И когда лакей, подав Кате шляпу, одевал ей на плечи накидку, она громко сказала.
– Ну что ж, Павел Александрович, не сочтите за труд распорядиться подать коляску мадам Востряковой!
После этих слов, она отошла к зеркалу и поправляя на голове шляпу, искоса наблюдала за реакцией Павла. Он явно был в шоке! Об этом говорила его застывшая фигура и смертельно бледное лицо. Лишь после довольно длительной паузы, он подошёл к Кате и встав у неё за спиной спросил, еле шевелящимися губами.
– Как? Вы та самая…? Вы и мой отец…? Нет, нет…
Не желая слушать его нытьё, Катя резко повернулась и с гордым видом заявила.
– Да, да! Именно так. Я, та самая Петербургская куртизанка, на которой в скором времени женится ваш отец.
Павел молча смотрел на неё широко открытыми глазами полными отчаянья. По ним было легко прочесть, что никогда, и не о чём так сильно он ещё не сожалел.
– Мадам, – услышала Катя, к ней обратился лакей. Это было очень кстати и означало, что коляска уже подана к подъезду.
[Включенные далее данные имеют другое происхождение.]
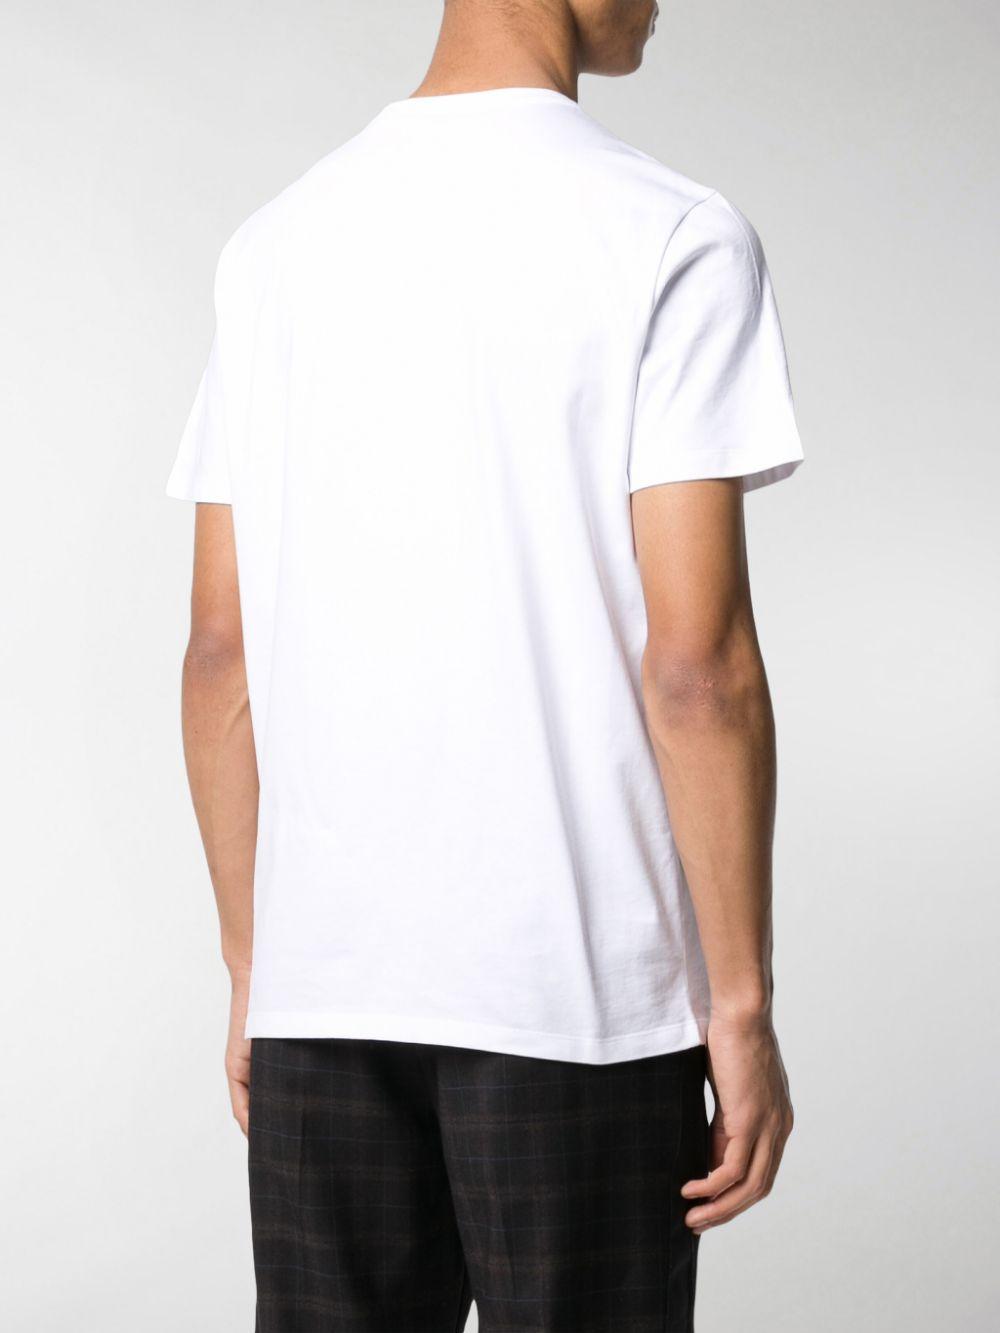 Moncler Genius 1952 X Mami Wata T-shirt in White for Men | Lyst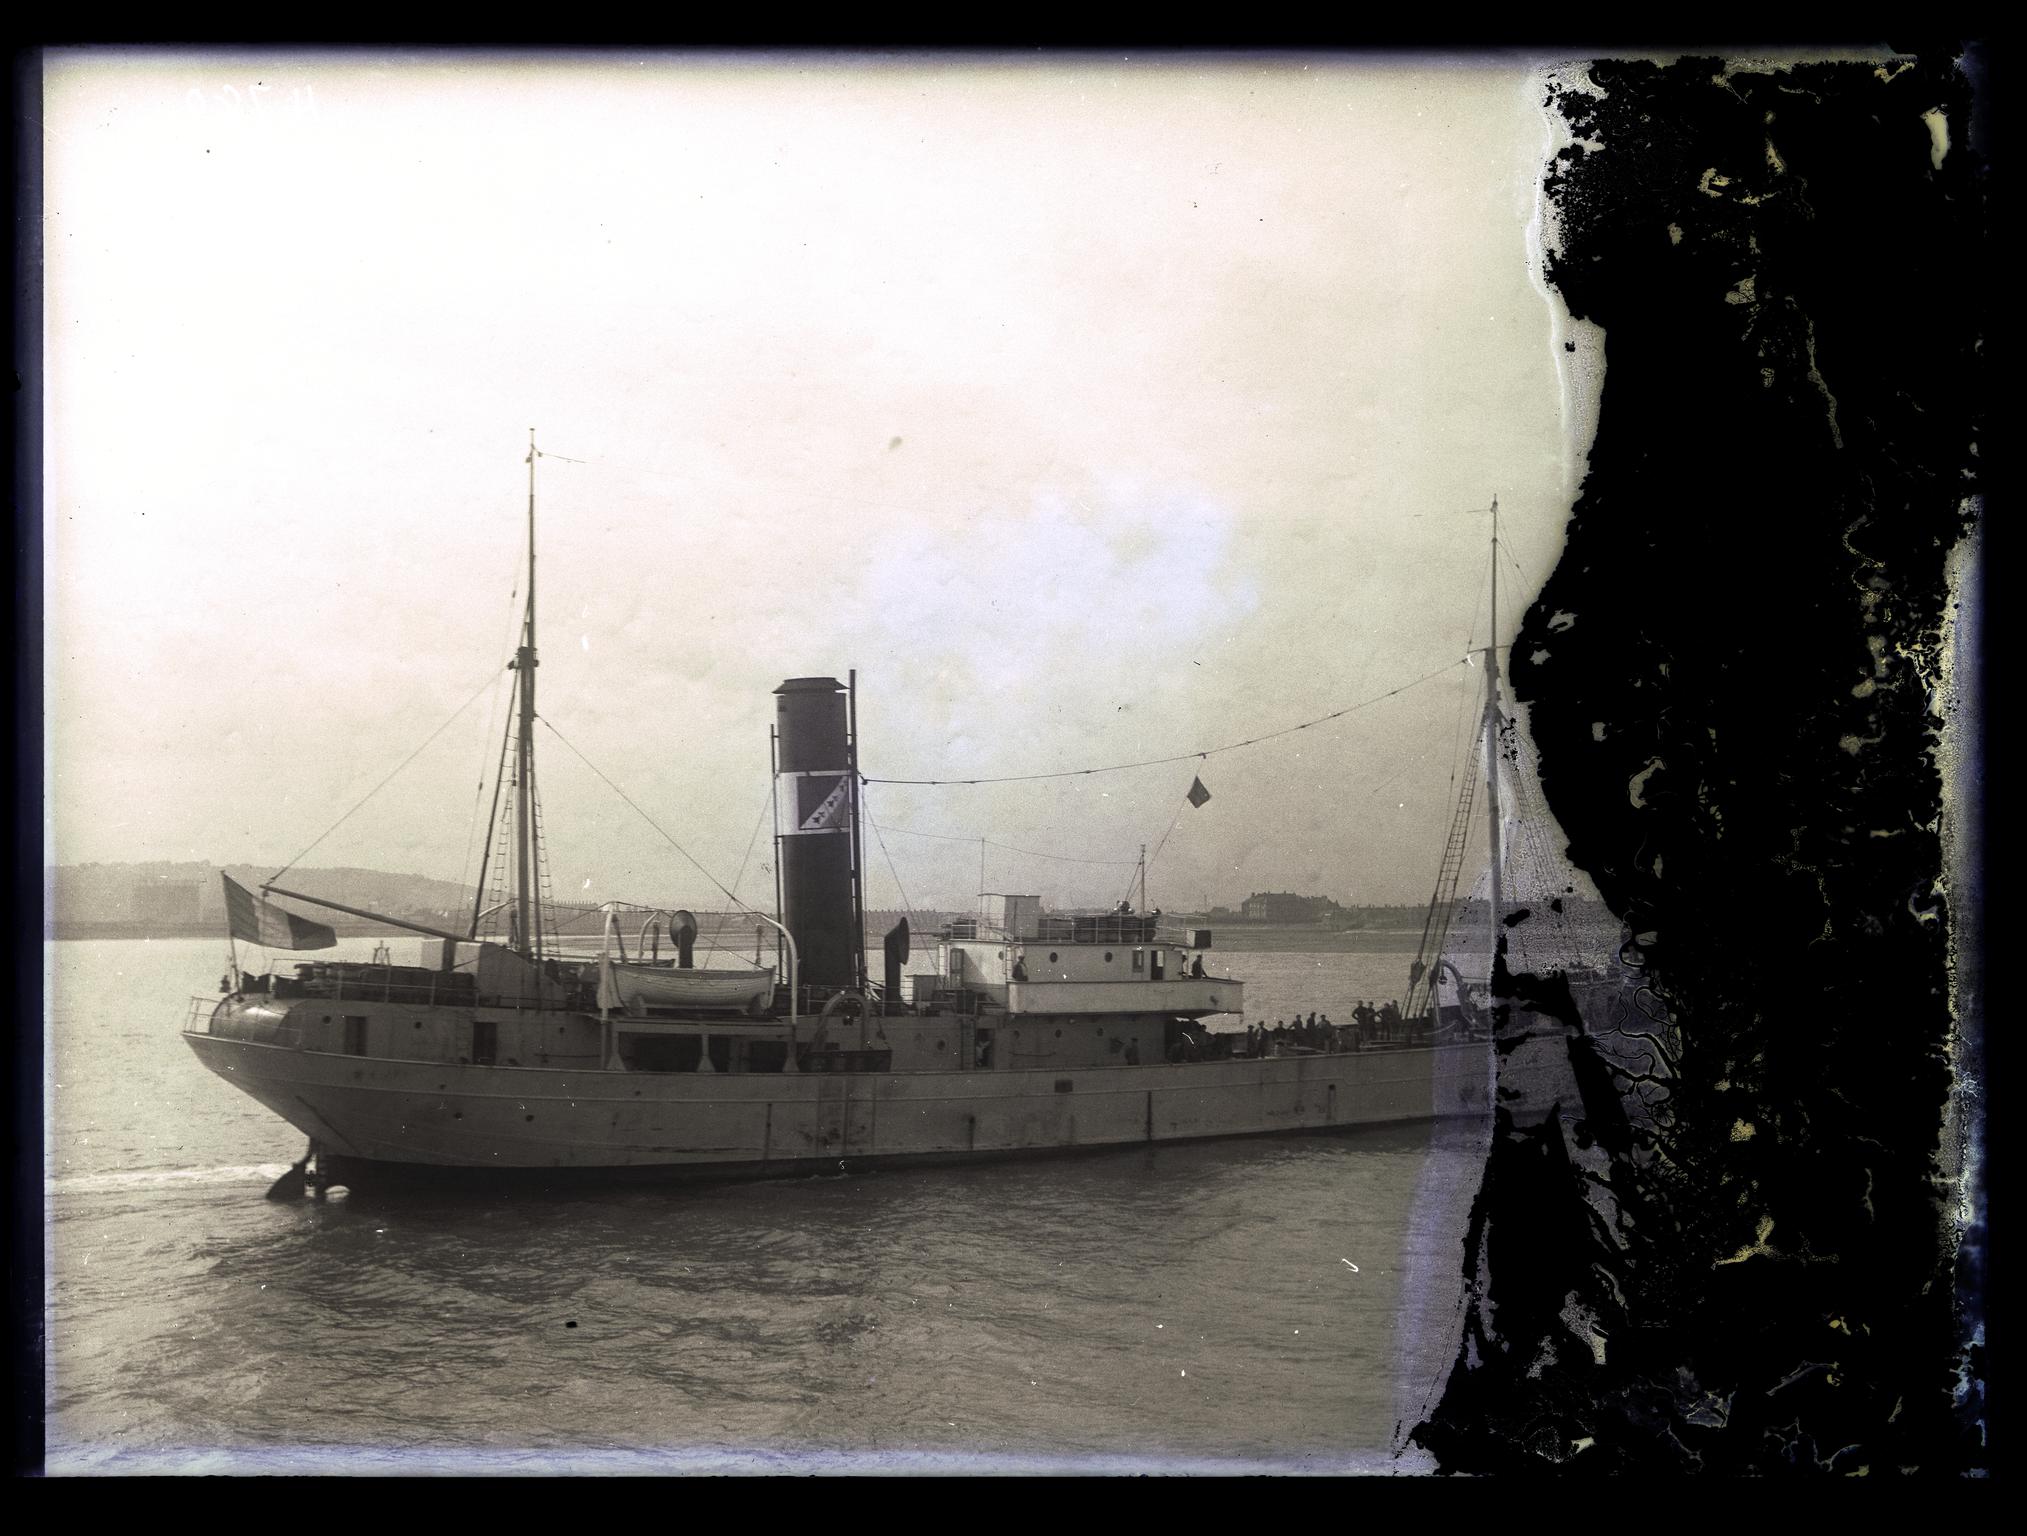 ALFRED (trawler), glass negative

– У вас и так, Бог весть какая репутация в городе… Возвращайтесь в зал, вас сёстры заждались, – спокойным тоном сказала Катя и направилась к выходу.
По дороге в отель, она хвалила себя за то, что решила поехать в театр, потому как всё услышанное и произошедшее там может сослужить ей добрую службу…
– Вот Александр Васильевич удивиться, узнав, что его сын решил приударить за мной! – улыбаясь подумала Катя и попросила кучера ехать помедленнее. Уж больно погода была хороша.
Глава XXXVIII
Такой осени в Ницце никто не помнил. Прильнув к окнам, глядя в небо жители города и его гости, уж который день подряд, вздыхая думали только об одном, когда же он наконец закончится, этот дождь? Дождь лил с утра до вечера, и с вечера до утра, и казалось, ещё день другой, и он смоет с города всю палитру красок, украшающих его. И дома, и парки, всё станет абсолютно бледным и безликим. А капли! Эти маленькие водяные шарики так настойчиво тарабанили в окна, словно требовали впустить их в дом.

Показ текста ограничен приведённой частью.